Partneri

PDF Splitter

Description

PDF Splitter is an application, that serves to divide the document into smaller PDF documents, based on certain rules. It find use mainly in cases, when it comes to documents generated by the reporting tool and is therefore not possible to determine, on which side starts a new document. In order not to be separate documents one by one, the application requires as input the directory containing the documents for distribution. The parts are stored in the destination directory and their names are generated based on the specified format.

The user interface is clear and gives the user the possibility of store (imposing) and load settings and test the specified pattern.

Searching text

Text is searching by comparing the actual text with searching pattern. Patern is a regular expression (regex). Patterns of search separators and texts, on which to generate the file names, are therefore regular expressions, that define how the text should look like. On the Internet you can find many articles on regular expressions and how they write.

Entering the actual text in the “Test text” and press the “Test” is possible to determine, whether a pattern is correctly written. Recommended in the field “Test text” enter a single line of the original text, seeing that searching is in progress by lines, and in a regular expression is possible to define inter alia the beginning and / or end of text too.

Determination of the position of text on page

Sometimes it is difficult or even impossible to specify a suitable pattern, because of the parts of text matching with pattern in the document appear in large numbers and it is not always necessary to divide document by this occurrence .

To achieve the greatest possible accuracy in the search text, in such cases should be defined in addition to design and place on the side where the separator or text, that defines the name of the sub-document, is expected. You can choose from the following positions on the page:

Header / first line
Specific line
Footer / last line
Anywhere on the page

Attention: Unlike PDF document browsers, it can not confidently get from the PDF document header, footer and content of page in the right order, can not always depend on it, where in the extracted text will appear. Therefore, if the separator or data necessary to generate the file name always appear in the same place, choose to recommend specific line and enter the number. The correct line number can determine using the analysis of the document accessible from the toolbar.

Generation of document namesIf the application detects, that on the current page is a separator, on the same page to search for text, that would fit a pattern of text that contains the data necessary to generate a new sub-title of the document. The file name is generated according to the specified format.If you find such a text, it is displayed the message and the following pages are skipped until the next separator occurs.When a separator is text found on a page, the application looks for source file nameat the same page by trying to find a part of text that matches the pattern. If nothing isfound, an error message is displayed and following pages are skipped until anotherseparator is found. Otherwise, a file name is generated according to the file name format.Filename format consists of an optional hard parts and at least one variable part (in order to save new-generated documents, it must have a different file name).Variable components are defined by a positive integer in braces (e.g. {2}).

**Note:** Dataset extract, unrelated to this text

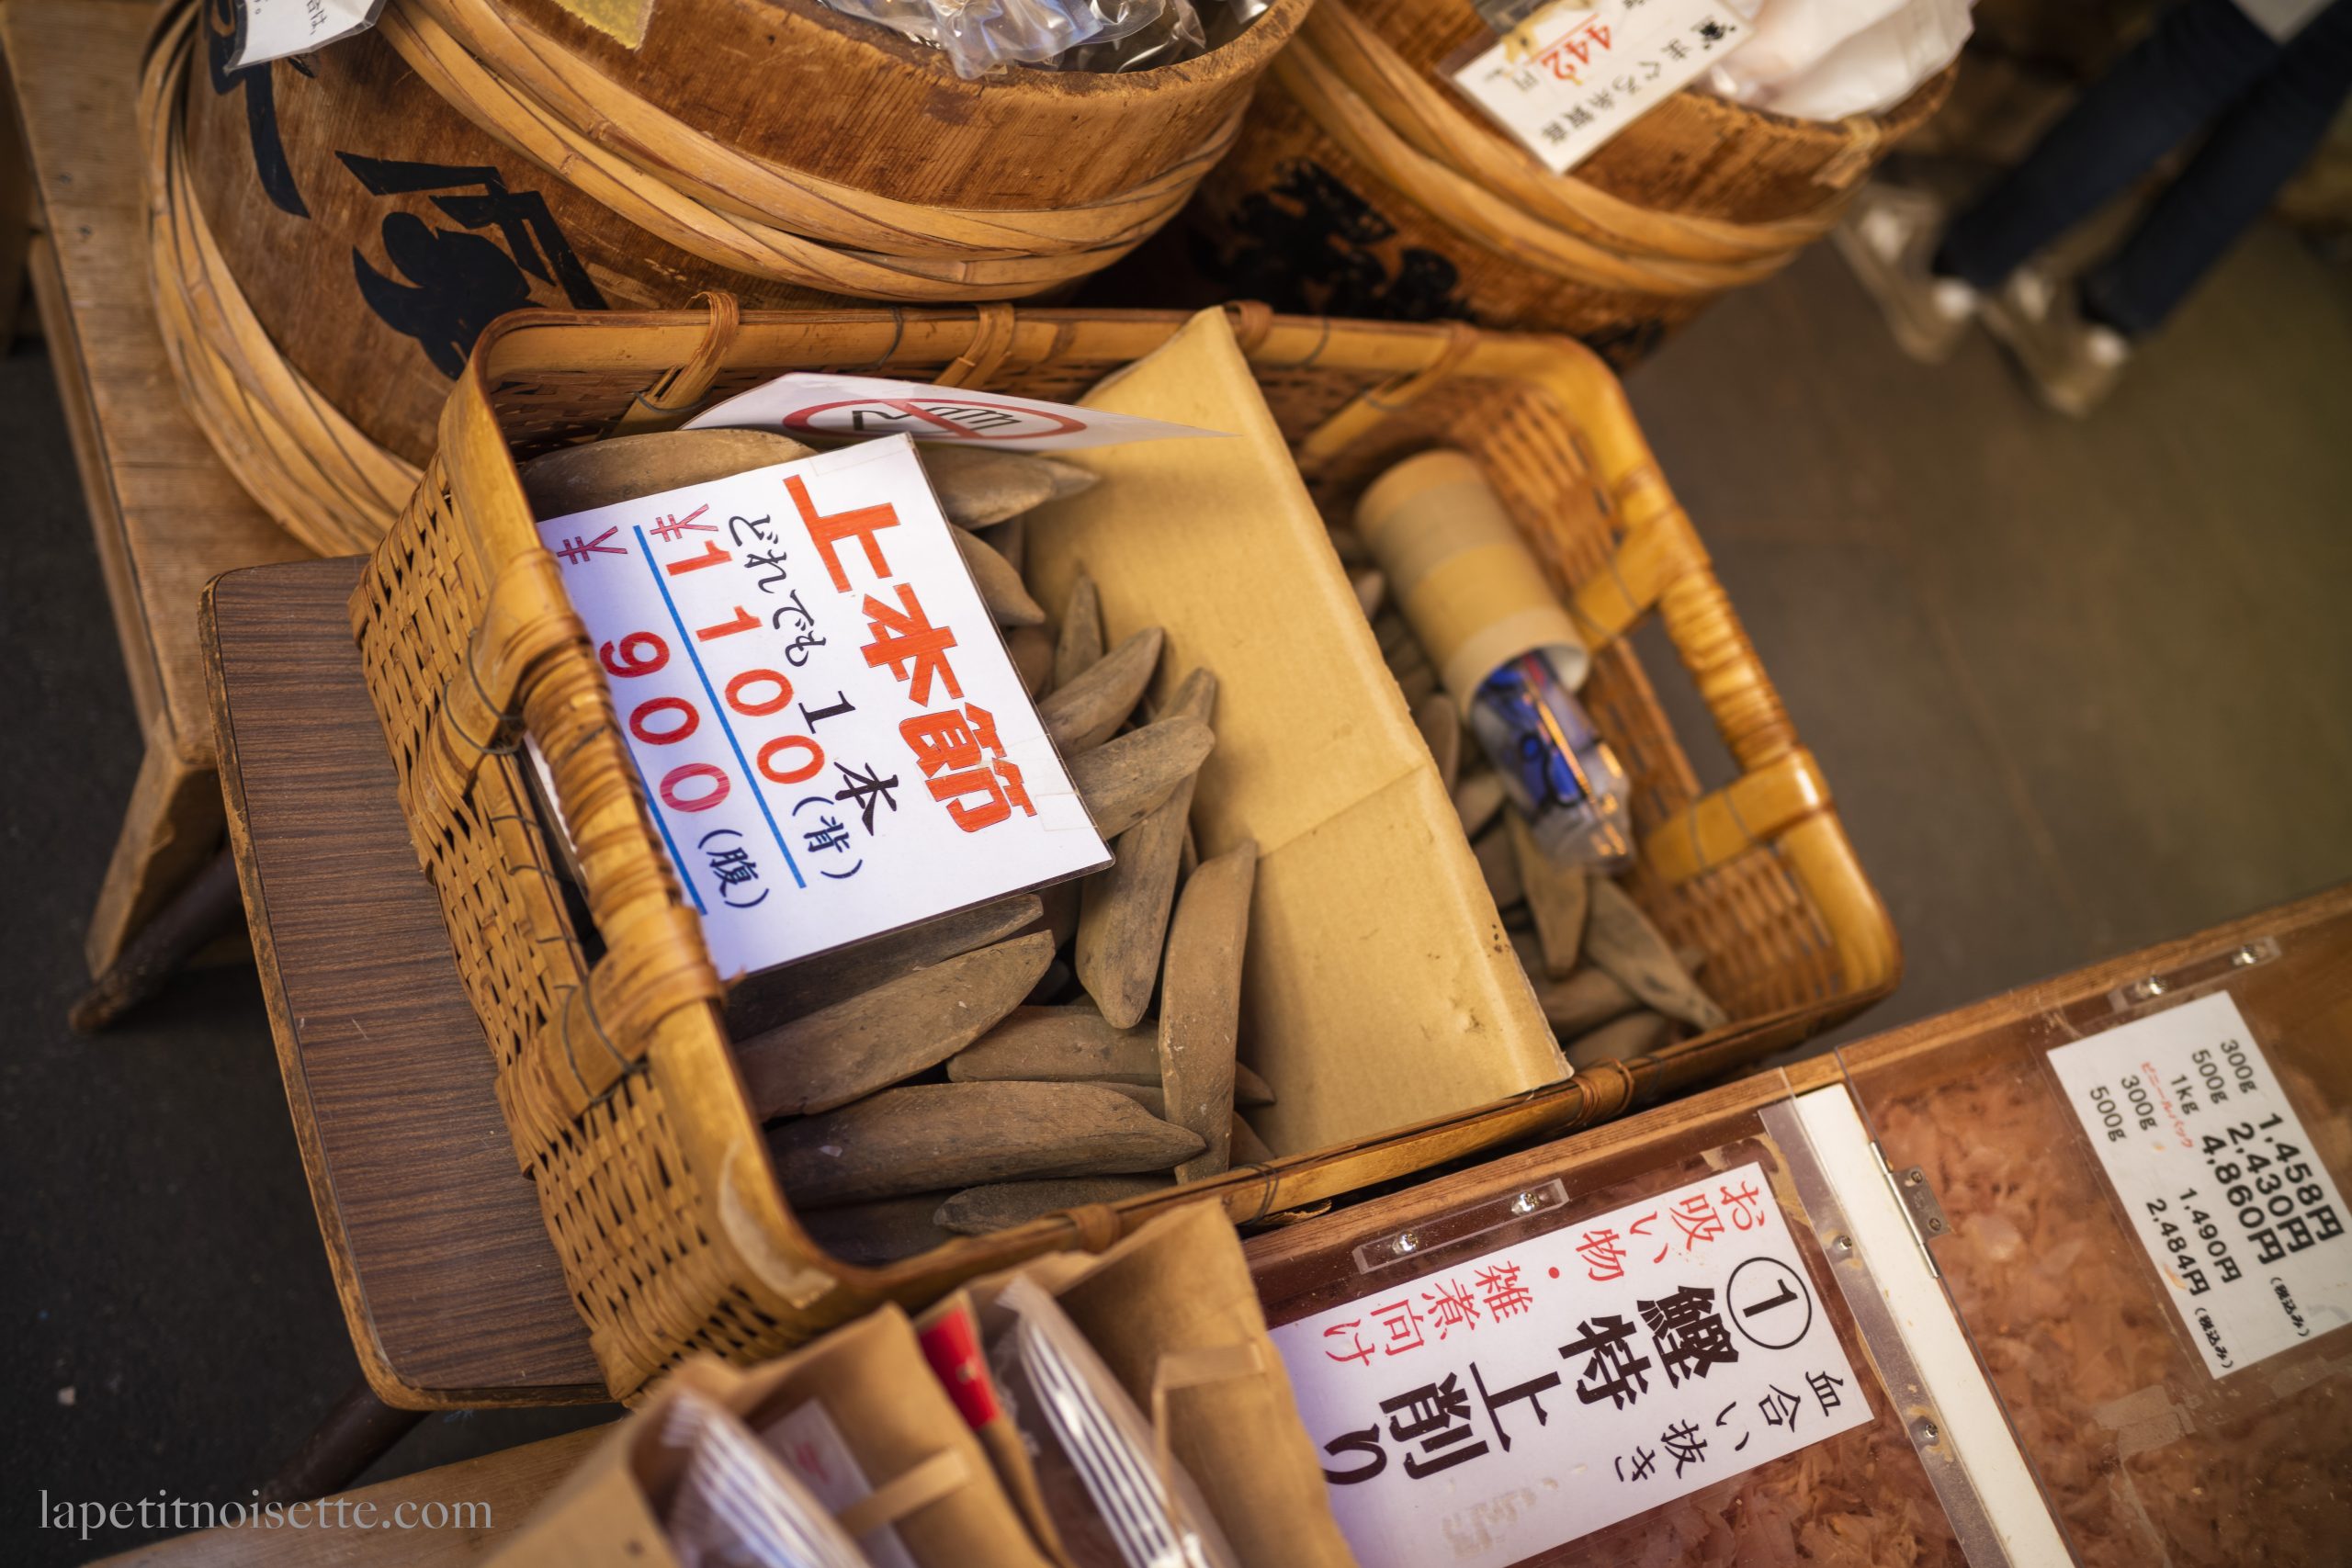 hon-katsuobushi being sold in a market in Japan.

Example of pattern written by regular expression:

(\d{4})\.\s*(\w+)

This pattern is a text anywhere on the line beginning with four digits followed by a dot followed by any number of whitespace (including none), followed by at least one alphanumeric character. These texts match a given pattern:

This is the text. This is 1234.other text
This is the text. This is 1234. other text

This texts don’t match with givven pattern:

This is the text. This is 123.other text less than 4 numbers
This is the text. This is 12345.other text more than 4 numbers
This is the text. This is 123 other text dot missing
This is the text. This is 1234./other text ‘/’ isn’t alfanumerical

Parts of the pattern can be enclosed in parentheses and define groups. In the above example defined two groups:

(\ d {4}) \. \ s * (\ w +)

Groups are numbered from left to right from 1. In the case of nested groups, outside group go before nested groups. The true value of the group referred to a positive integer enclosed in braces.

Example

In this example we use before define pattern:

(\ d {4}) \. \ s * (\ w +)

and format file-title partial document

HR Report {1}-{2}.pdf

By splitting of document will generate partial documents with folowing file-names:

2008.Január HR Report 2008-Január.pdf
2002.Júl HR Report 2002-Január.pdf
1998. Marec03 HR Report 1998-Marec03.pdf

Run the application

PDF Splitter have one custom parameter:

–conf path to configure XML file

If the file does not exist (or is not specified), the application will try to find the config.xml file in the directory from which it was launched. If file doesn’t find, open ablank window.